I really hesitate to introduce a term like 'meta-governance' but that's what we need - governance of governance itself. Governance can be a barrier to business agility and business effectiveness - if done wrong or with a heavy hand. Governance itself needs to be governed to ensure that we deploy 'just enough' governance to manage real risks and promote real trust in automated systems - even if remembering that 'just enough' probably includes adhering to the letter of all applicable regulations.
Governance frameworks such as COBIT are important, not because they give us a bible that can be imposed on employees (with the implication that employees can't be trusted) but because they provide a reference against which business automation practice can be assessed: are there governance issues that we don't cover and, if so, should we; are there issues that weren't important but now are (so we should now instantiate more of the framework); are there things that we do that go beyond the framework and, if so, is this necessary or just 'gold plating'?
This is becoming an issue today particularly because of the rise of DevOps, which started as a movement when Agile developers found Operations delivery was becoming a bottleneck; and Operations realised that their future was limited if they became seen as The People Who Say NO!
However, if greater business effectiveness is the objective instead of simply more efficient software delivery (and, let's face it, delivering more and more software is only a good career move if that software is actually used by the business to make money or grow the business) then we do need to include 'just enough' governance in the DevOps process.
Despite the views of many developers, 'new' is not necessarily 'good- and software delivery can damage business service levels as well as improve them. Even assuming the software actually works (that is that it "meets spec and doesn't fall over often") - perhaps the spec is wrong (even if developed with agile techniques and with real users on the team, perhaps you got the wrong users) or out-of-date (perhaps the environment has changed and your company hasn't noticed yet); perhaps the new system is too clumsy, or too slow, to be used effectively; perhaps it falls foul of some knee-jerk regulation just introduced.

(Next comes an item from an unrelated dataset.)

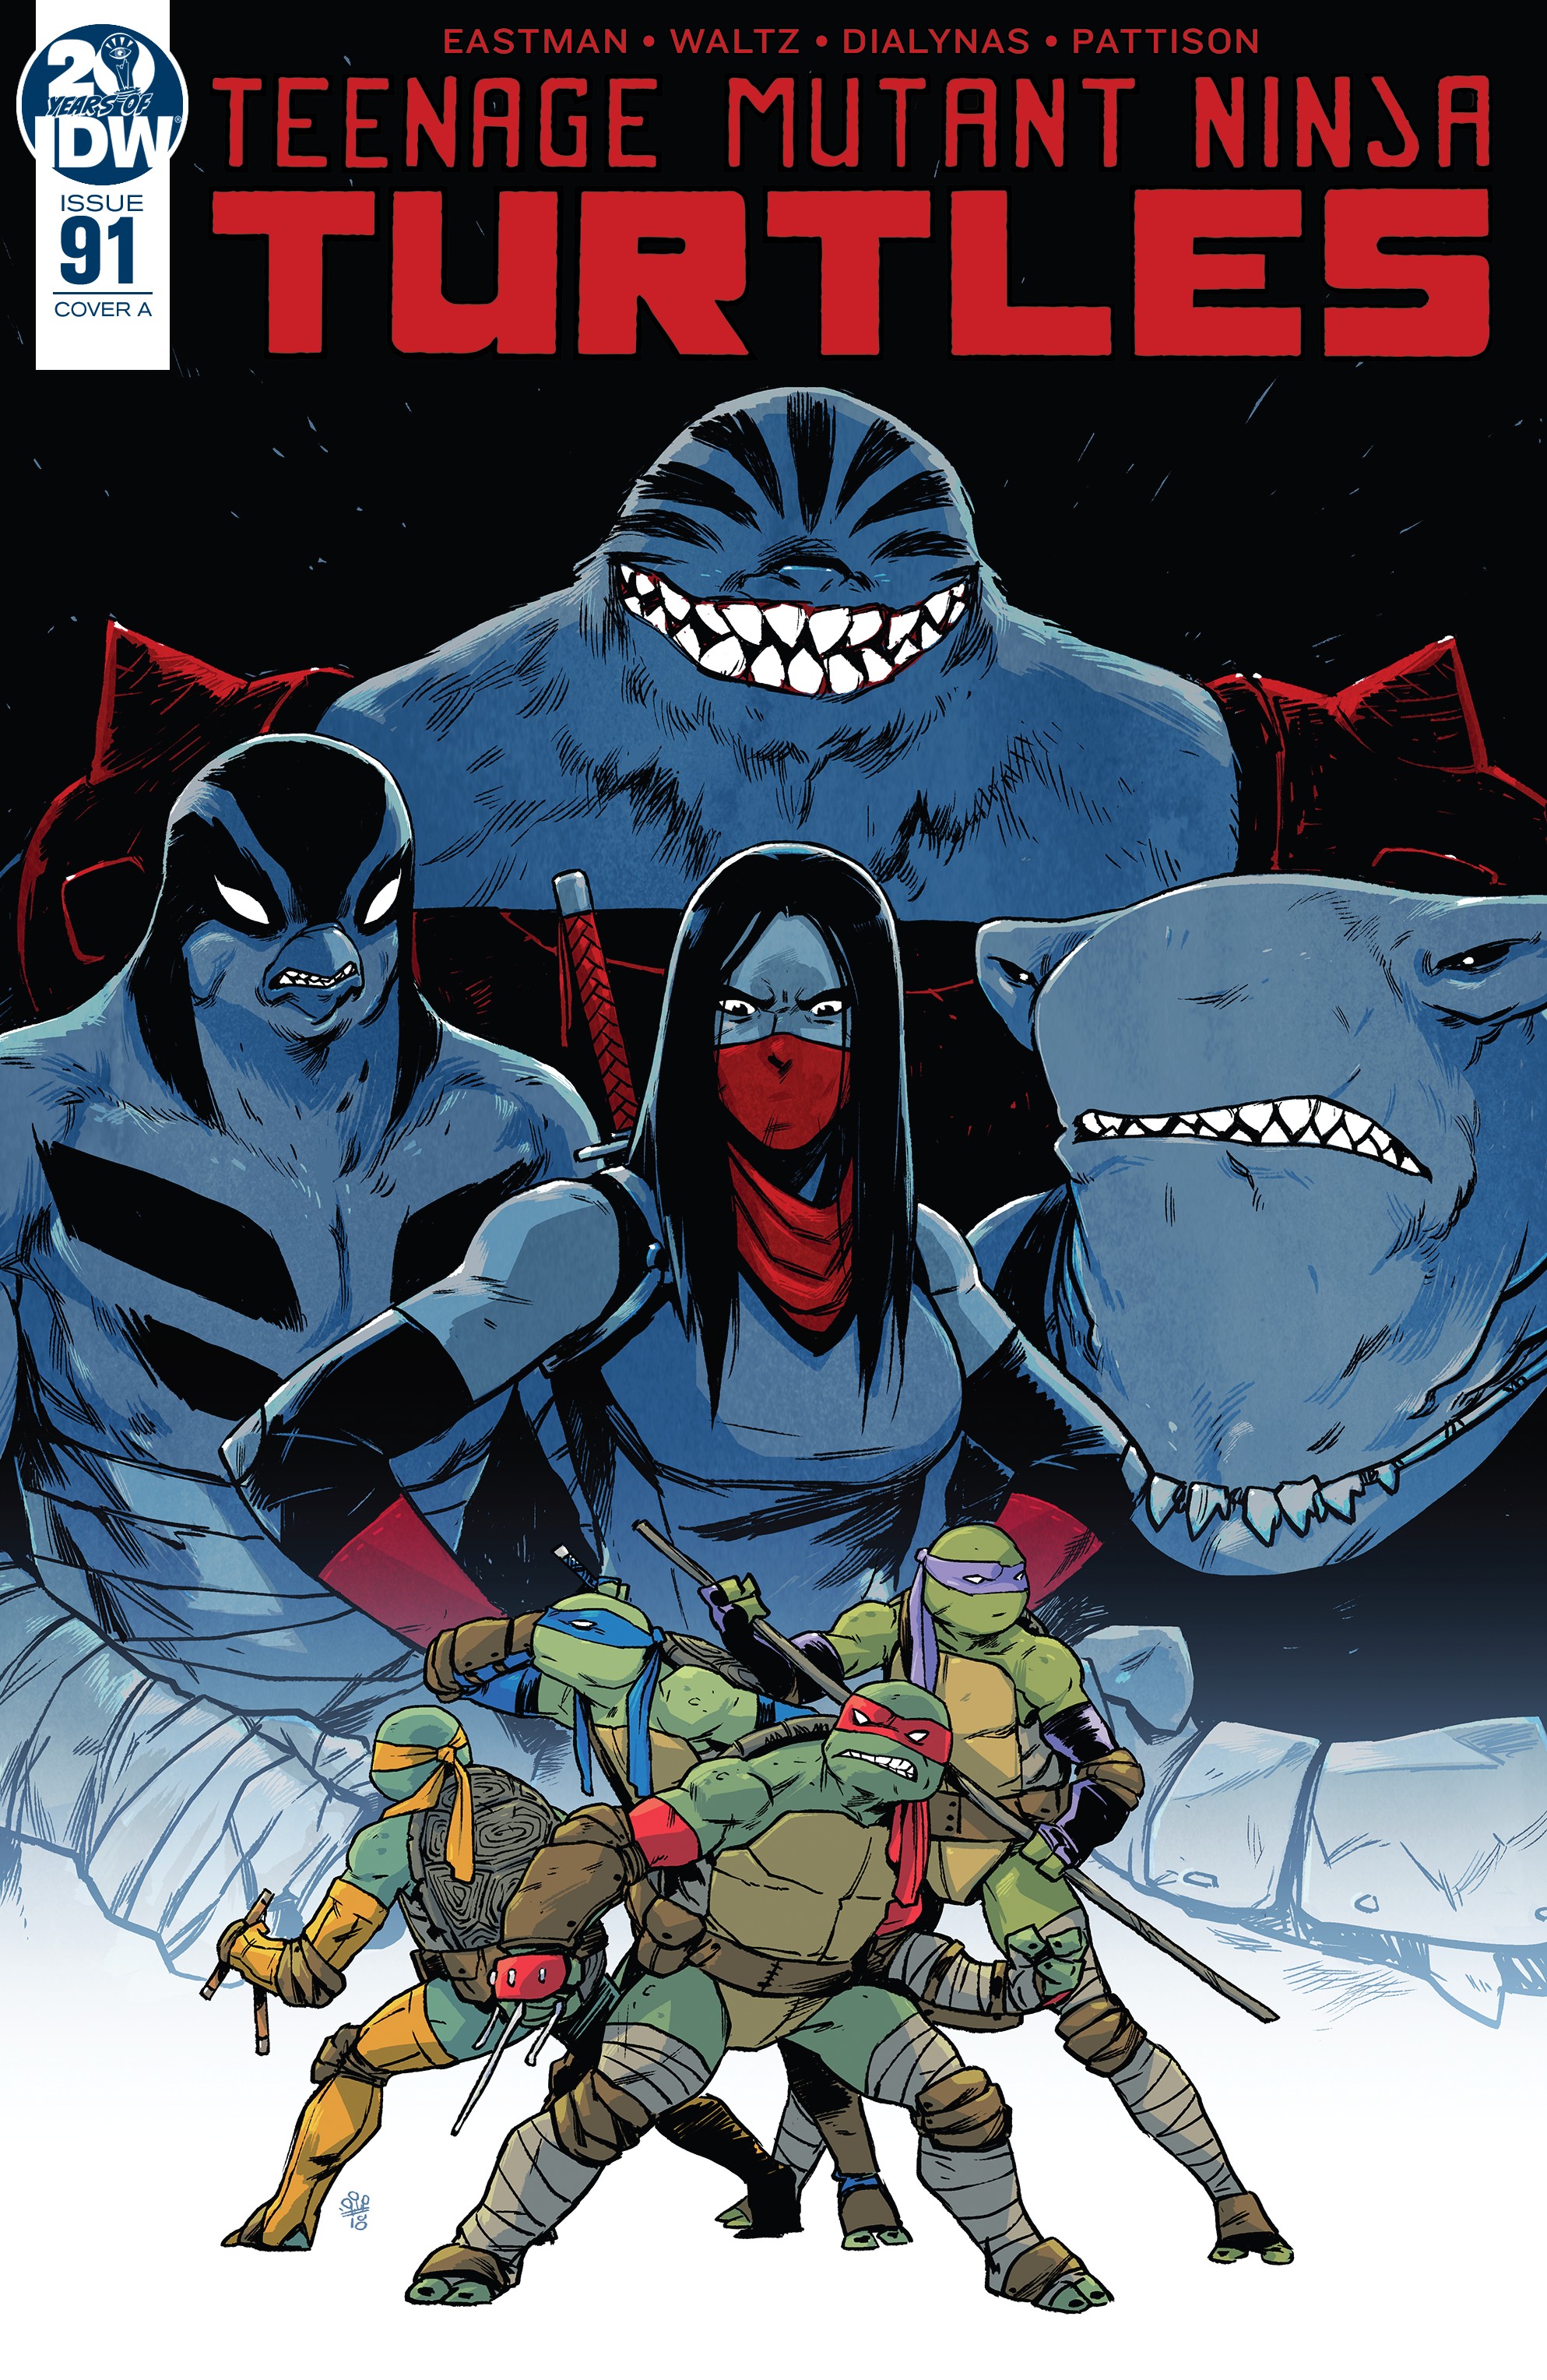 Teenage Mutant Ninja Turtles Issue 91 Idw Tmntpedia Fandom
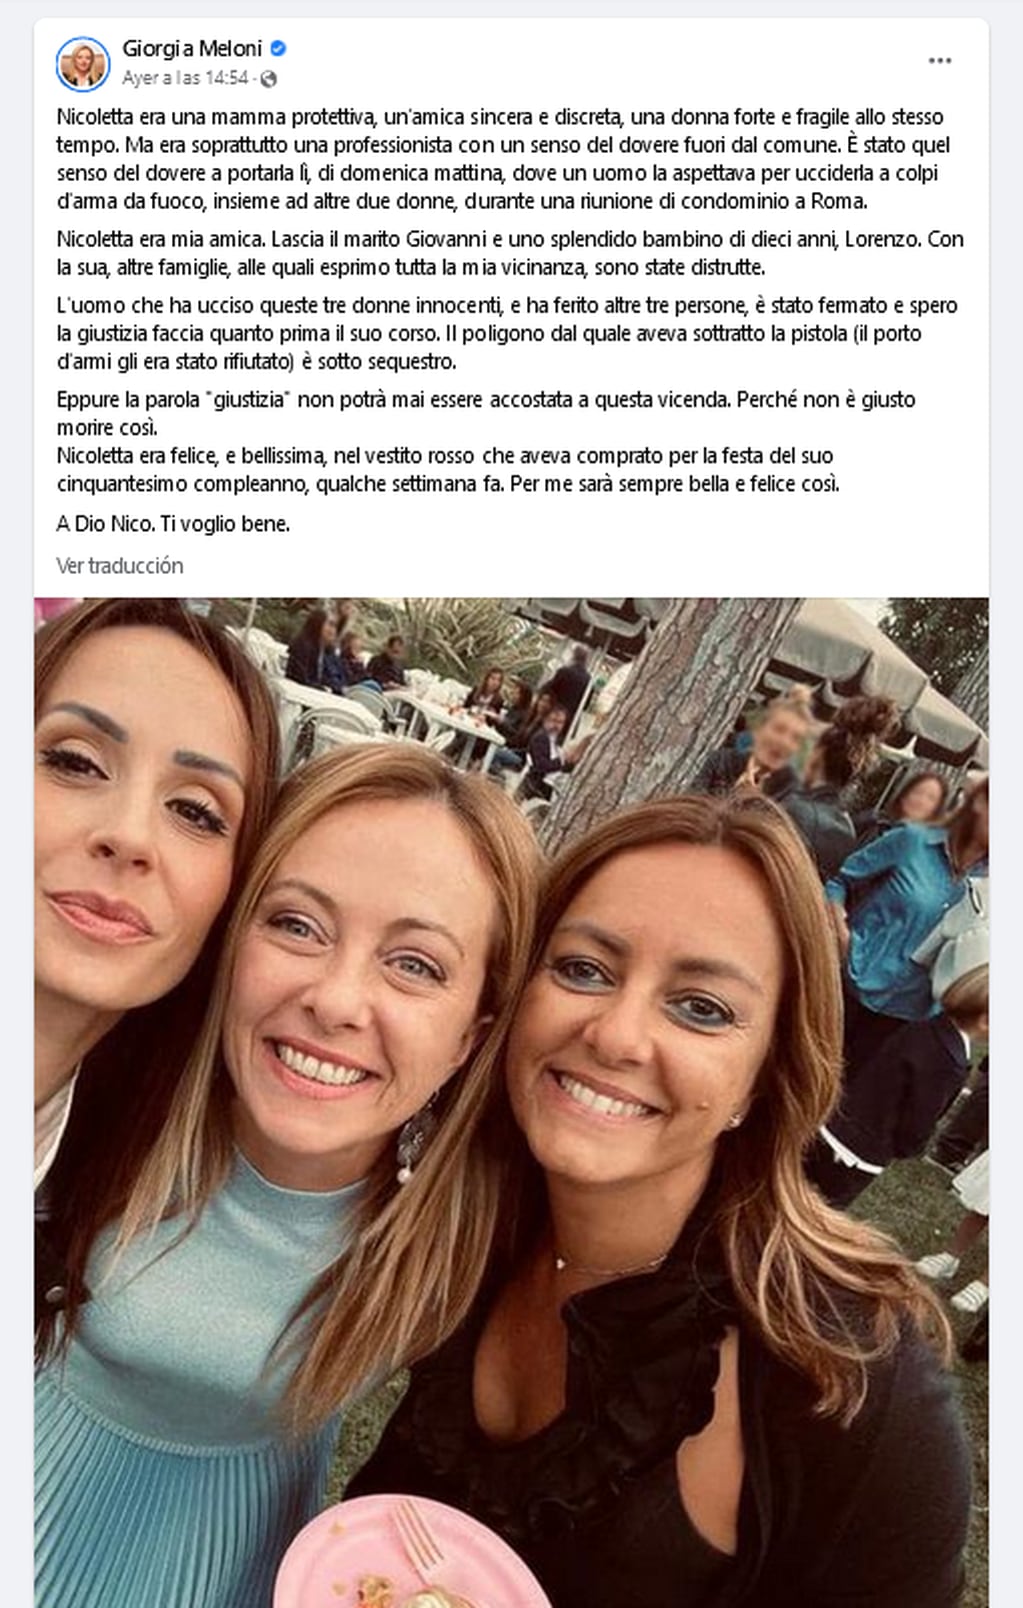 Nicoletta Golisano (derecha) fue una de las víctimas fatales en el tiroteo. Era amiga de Giorgia Meloni. Facebook

Sometimes saying "NO" before a turkey hits production is the best for all concerned. Of course, perhaps the adoption of real Agile principles makes producing a turkey 'impossible' - well, rather less likely - but is Agile as you practice it 'real Agile' with all the discipline that implies; and 'less likely' really isn't the same as 'impossible' anyway.
So, in an environment with increasing regulation and where web-based commerce means that the scope of impact of a real turkey could include destroying the business before anyone could react, governance is an important part of DevOps, something which IBM's DevOps story (just one example) appears to recognise.
So what sort of governance do we need? Well, I have a "Sim City" vision for governance, where you explore the behaviour of a developing system in a (controlled) computer-gaming-style simulation environment - this is just one possible option. As you build a new system using a model-based systems engineering approach, you execute the developing system models as a production-oriented simulation of the real business process. There are systems today that help you simulate the behaviour of any external systems or processes you'll need to integrate with, so all of the stakeholders in the new system can play with it and bring up any issues they have well before any code hits production. Participation in a simulation of a developing - evolving - business outcome could even help to facilitate the achieving of an effective feedback loop involving customers and deployed applications and developers.
With a suitably controlled development environment, you could even start collecting evidence for regulatory and safety compliance - even if this was just a framework that needed confirmation after implementation in production, this confirmation should then be quick and efficient, with no surprises.
'Sim city governance' would be lightweight 'just enough' governance and it might even be fun. But it might deliver some comparatively strong governance, in practice; strong in comparison to what IT often achieves at the moment, anyway. For instance:
- If IT governance overall is about delivering automation that is cost-effective and supportive of business strategy and process, without waste, it will rapidly become obvious (as long as all stakeholders are encouraged to play the simulation) if what is being simulated is being gold-plated and/or isn't anything the business really wants. It is much easier to get the business practitioners that can tell you this interested in a computer-game simulation than in a requirements spec - or even a business process model.
- Regulatory requirements are sometimes obvious to business practitioners and not mentioned; and they often make little sense to developers - and then have to be expensively bolted on at the last minute, sometimes impacting any or all of performance, usability and security. This disconnect might be overcome if the appropriate stakeholders could see a realistic simulation during development.
- There's often a similar disconnect between security practitioners and developers, which could again be identified while 'playing' with a simulation.
- Performance testing - end user experience validation - is really only feasible in production, with conventional development. However, with a controlled simulation, the likelihood of performance surprises in production (and, in particular, meeting the sort of performance problems that are inherent in bad design) could be much reduced. You might consider predicting real production performance, with confidence limits, from a good simulation.
- Risk management and risk mitigation should be built into the design of a well-governed system - but, once again, is often a bolted-on afterthought. And, once again, a lack of appropriate risk management is more easily identified in a life-like simulation than in a system spec or formal model.
So, does anyone else think that the availability of life-like simulations, with underlying links to formal systems engineering models used to build automation, would help promote just-enough governance? Governance that could help to ensure that DevOps rapidly delivers into production safe (or adequately well-governed) and effective automation?